A side-effect of Jupyter’s security model is that widgets don’t work in
collaborative repos, unless you manually “trust” notebooks after each
`git pull`. There is a good reason behind this: since Jupyter notebooks
contain HTML and JavaScript, the trust system avoids running malicious
code when you open a notebook and don’t explicitly run any cells. See
[the official
documentation](https://jupyter-server.readthedocs.io/en/latest/operators/security.html#security-in-notebook-documents)
for more.

Manually trusting notebooks each time is a pain. A more natural workflow
would be trust a repo once-off, and all notebooks and changes
thereafter. nbdev includes a git post-merge hook which runs
`nbdev-trust` in your repo to do exactly this.

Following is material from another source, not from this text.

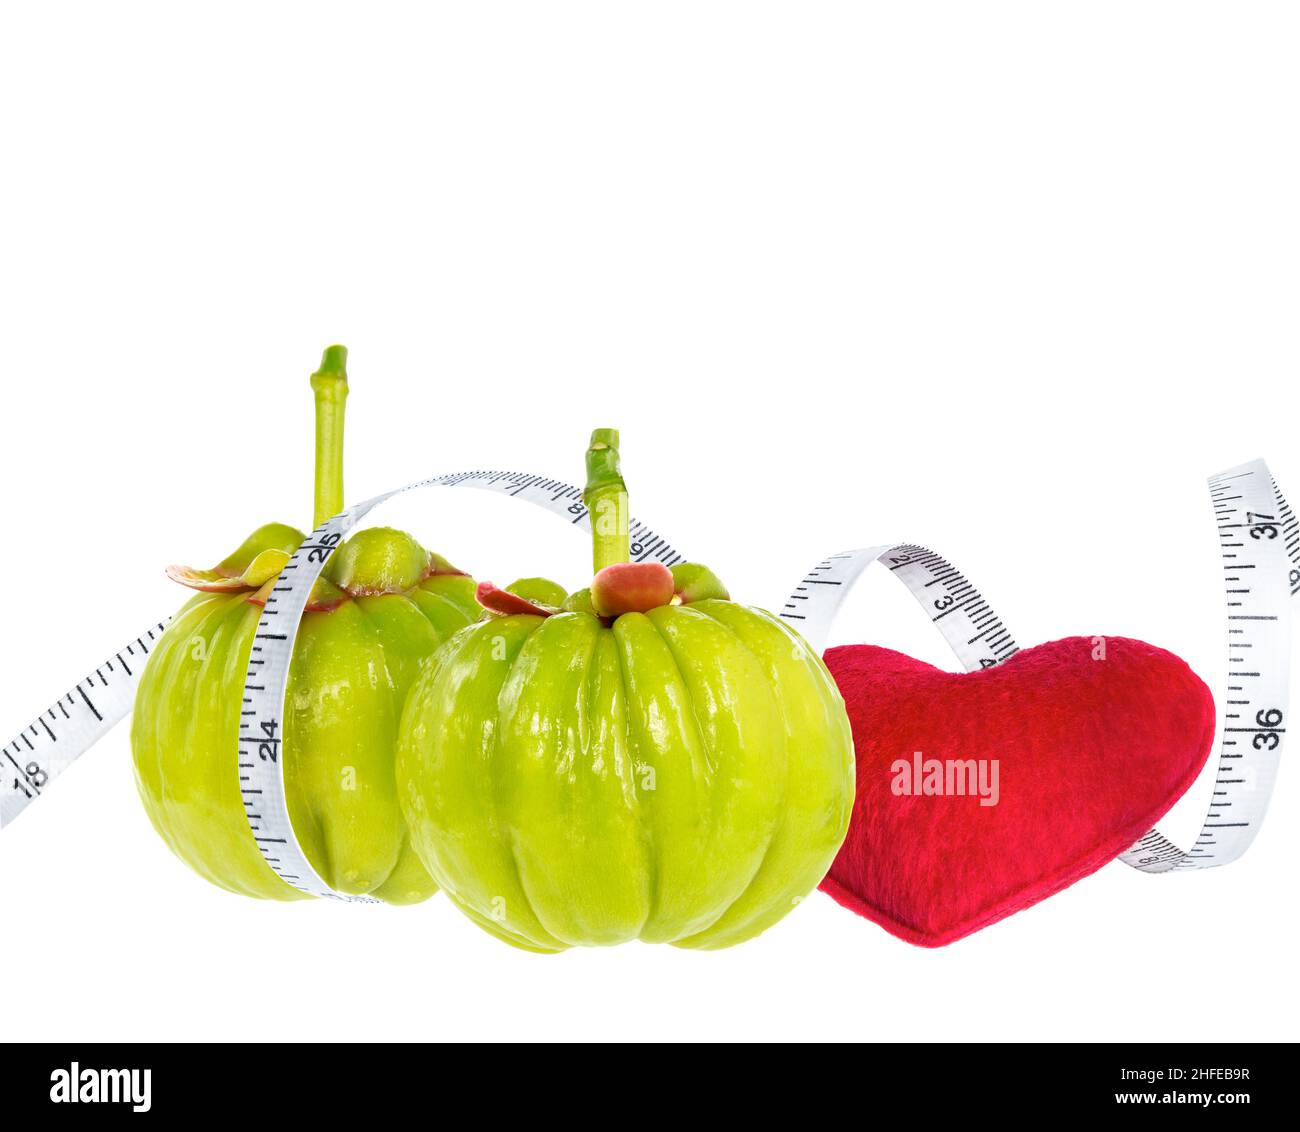 Garcinia cambogia fresh fruit with red heart and measuring tape, isolated on white. Garcinia is spice plants. It helps in the metabolism contain high Stock Photo

## Configuring nbdev hooks

The most up-to-date reference of nbdev’s settings is in the
`nbdev-create-config` docs. In addition, this section will guide you
through a few common configurations.

**Control whether Jupyter hooks are run:**

- Globally enable Jupyter hooks: set `jupyter_hooks = true` in user
  settings (`~/.config/nbdev/config.toml`)
- Globally disable Jupyter hooks: set `jupyter_hooks = false` in user
  settings
- Enable Jupyter hooks only for selected repos: set
  `jupyter_hooks = false` in user settings and `jupyter_hooks = true` in
  the repo’s `[tool.nbdev]` in `pyproject.toml`

**Customise notebook cleaning with the following settings:**

- Clean *all* outputs and metadata: `clear_all`
- Preserve certain metadata by key: `allowed_metadata_keys` and
  `allowed_cell_metadata_keys`
- Clean `id`s from default Python `repr`s: `clean_ids`

All of the above can be customised per-user and per-repo.

**Control whether git hooks are run:**

Since git hooks are installed per-repo they’ll only run in repos where
you manually `nbdev-install-hooks`. If you change your mind later, you
can uninstall git hooks by following the instructions in the
`.gitconfig` file created in your repo.